[Start of section]

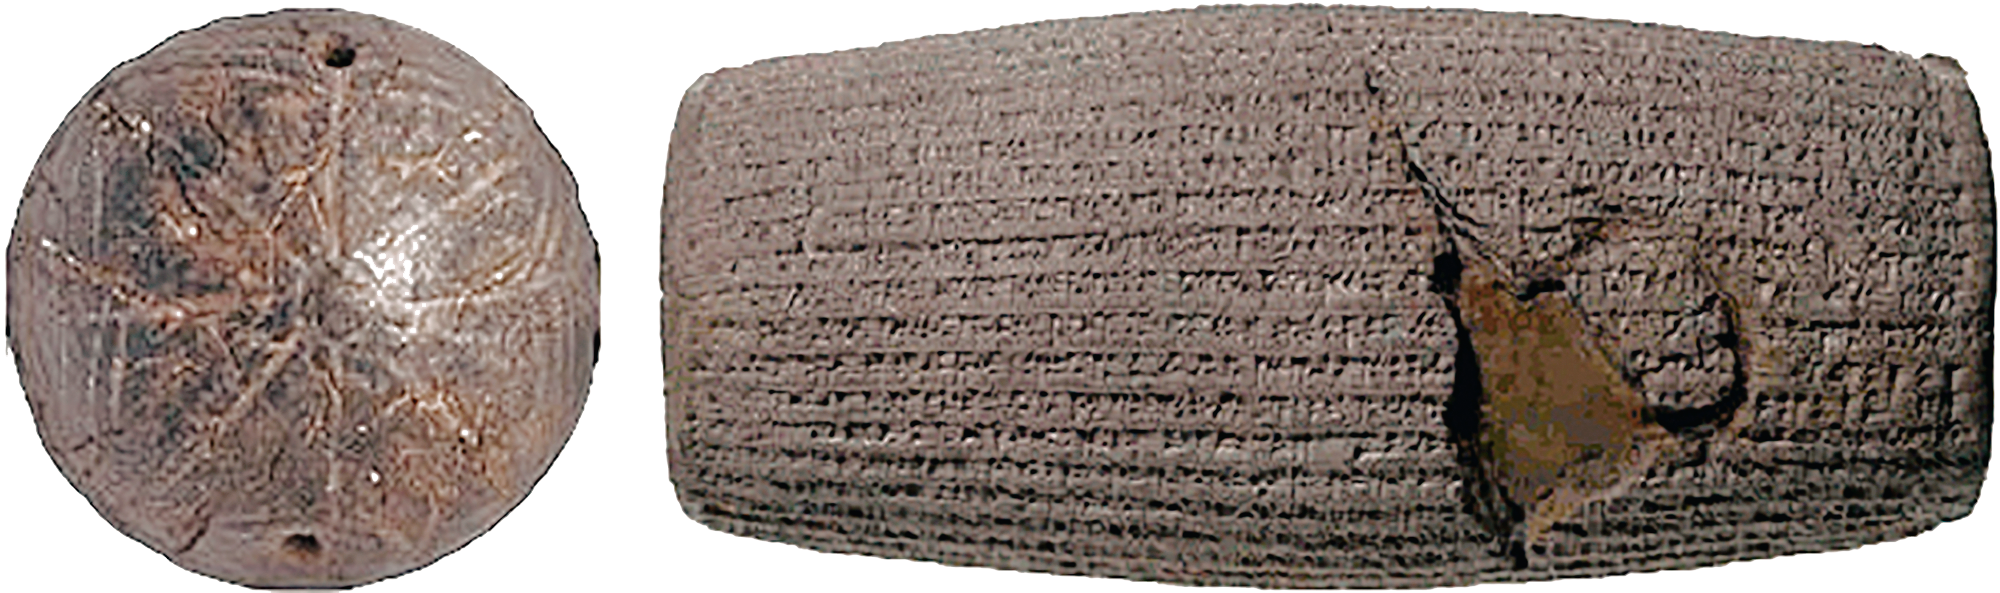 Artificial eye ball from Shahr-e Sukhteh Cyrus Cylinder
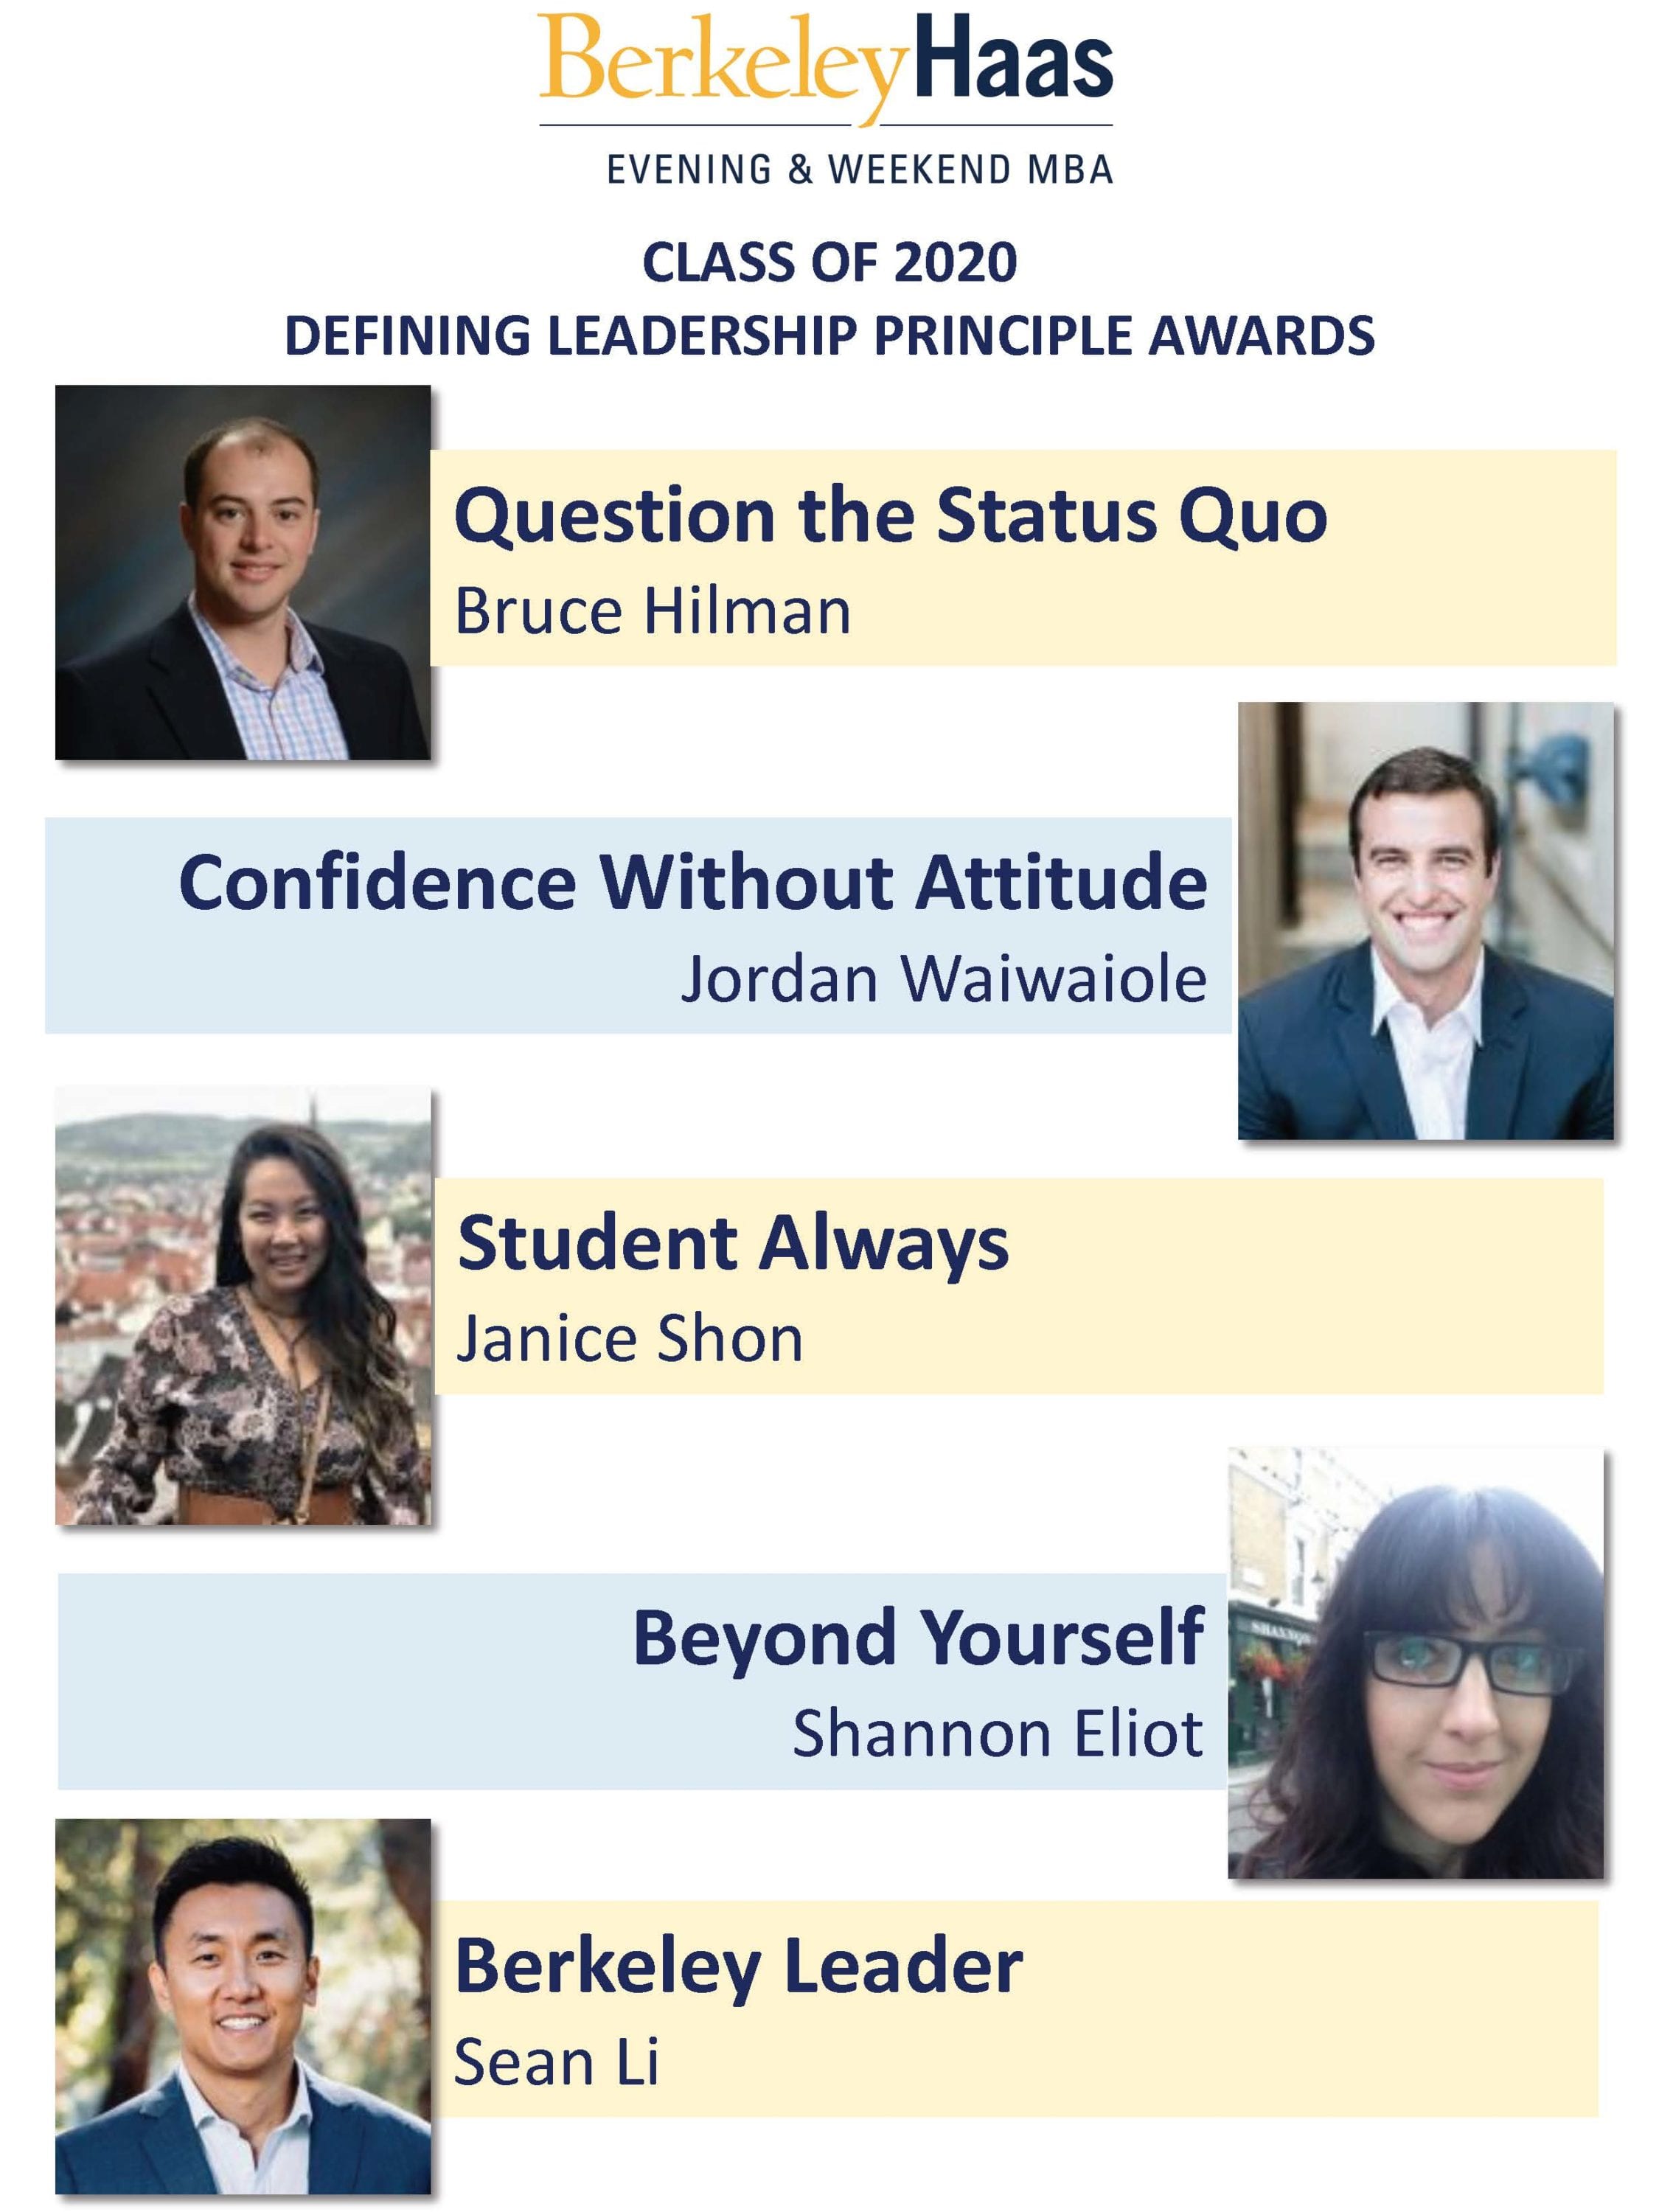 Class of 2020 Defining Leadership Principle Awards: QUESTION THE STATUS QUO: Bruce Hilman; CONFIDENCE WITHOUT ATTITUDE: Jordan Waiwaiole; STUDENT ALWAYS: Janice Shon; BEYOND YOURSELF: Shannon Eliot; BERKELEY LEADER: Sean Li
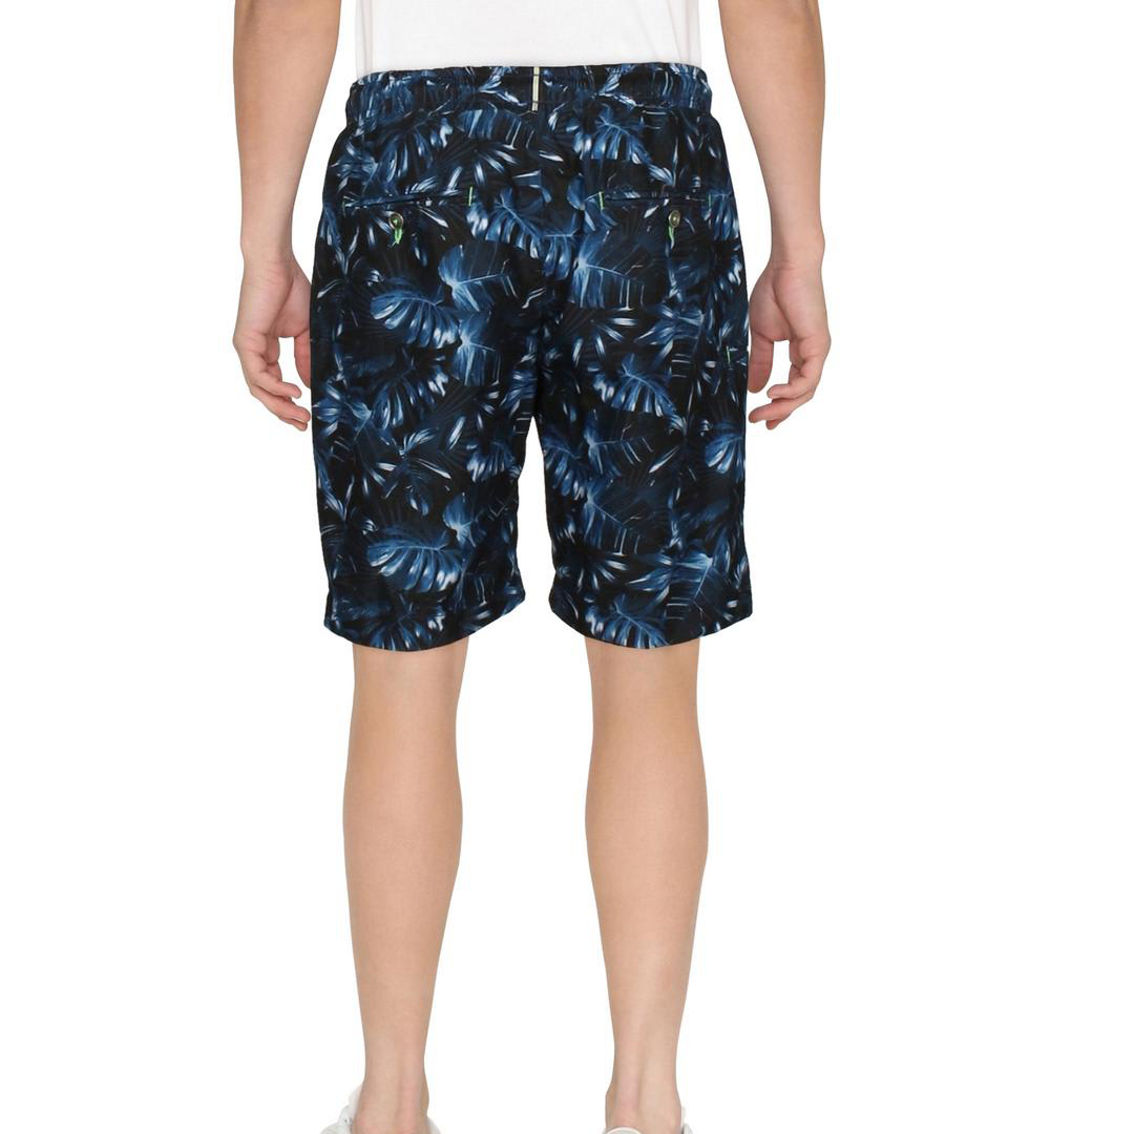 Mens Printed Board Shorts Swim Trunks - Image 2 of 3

[End of section]

ASSIGNMENT
Give back exactly the lines from the opening of the listing through the line holding "Class of 2020", both ends included, with every picture omitted.

OUTPUT BELOW
 Artificial eye ball from Shahr-e Sukhteh Cyrus Cylinder
 Class of 2020 Defining Leadership Principle Awards: QUESTION THE STATUS QUO: Bruce Hilman; CONFIDENCE WITHOUT ATTITUDE: Jordan Waiwaiole; STUDENT ALWAYS: Janice Shon; BEYOND YOURSELF: Shannon Eliot; BERKELEY LEADER: Sean Li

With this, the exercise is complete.